Procedural documents

Procedural documents

These notes locate the Convention among UN instruments, discuss the conditions to be met by such an instrument and the necessary steps to be taken. These notes conclude with a question: under what conditions, if any, might a Convention on the Right to Communicate be achieved.

In the United Nations, the Commission on Human Rights has general responsibility for the development of international instruments in the field of human rights. Three types of human rights instruments are of interest here:


An informal and non-binding instrument.


A formal instrument, but one that is non-binding although it has moral weight.

Convention (or Covenant)

A formal and binding instrument. Once adopted by the General Assembly, a Convention is held open for ratification by member States for a specified time period. A Convention comes into force when it is ratified by a specified number of States, and is then binding on those States that ratify it. The domestic law of the State can then be interpreted in light of the Convention. Other States that do not ratify the Convention may nevertheless implement it, although they are not bound to do so.

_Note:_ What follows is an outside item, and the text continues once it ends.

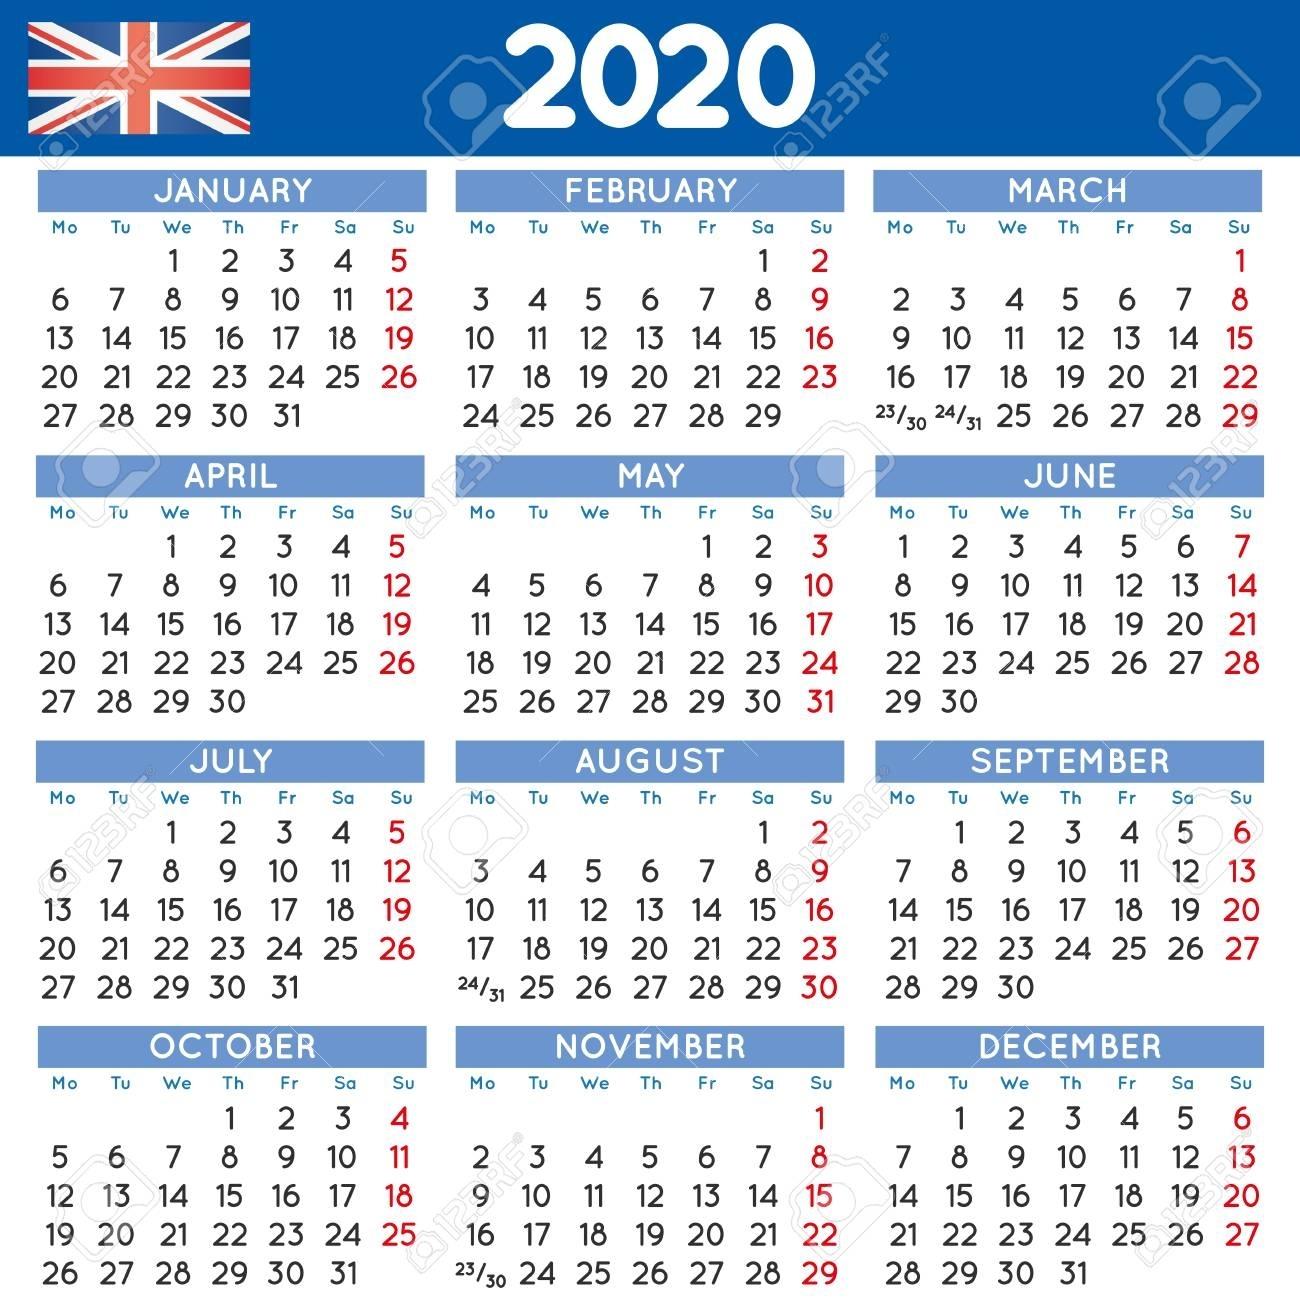 2020 Elegant Squared Calendar English Uk. Year 2020 Calendar

The development, adoption, ratification and implementation of a formal Convention on the Right to Communicate is complicated by factors such as:

  • Growing awareness that the right to communicate is a pre-requisite for the exercise of other human rights;
  • High cost of a shift from 'everyone has the right to freedom of...' (as in UDHR Article 19) to 'everyone has the right to the resources for ...', even for basic telephone and postal services; and
  • Continuing change in a global society both in the role of communication and in the nature of the Nation State, which may preclude the development of a Convention that attracts broad international support.

Nevertheless, these factors illustrate both the need for and the difficulty in adopting, ratifying and implementing a Convention on the right to communicate.


General Assembly Resolution 41/120 (The Yearbook of the United Nations for 1986, page 736) details the general conditions and the specific guidelines for the development of new human rights instruments, which must:

  • Be consistent with existing human rights law;
  • Be fundamental and derive from the inherent dignity and worth of the human person;
  • Give rise to identifiable and practicable rights and obligations;
  • Provide effective implementation machinery, including reporting systems;
  • Attract broad international support.

A properly drafted Convention on the right to communicate can meet all these requirements. But the pathway leading to adoption, ratification and implementation of any such Convention will be long, as the Tampere Convention cited below illustrates.


On the pathway toward adoption, ratification and implementation of a Convention, different actors perform different tasks at various stages in the process. At a minimum, somehow and somewhere, it will be necessary to:

  • Establish an International Committee to study closely the feasibility of a right to communicate (RTC) Convention and, if deemed feasible, develop a long-term work plan;
  • Draft a 'White Paper' that describes at the global level the present and future communication challenges to be addressed by a RTC Convention;
  • Develop a draft RTC Convention that begins with a preamble and embeds the basic provisions of the right to communicate in a series of articles;
  • Secure in due course UN General Assembly adoption of the proposed RTC Convention;
  • Arrange for the RTC Convention to be available for ratification by Member States within the required time frame.


Under what conditions, if any, might a Convention on the Right to Communicate be developed, adopted, ratified and implemented? That is the question.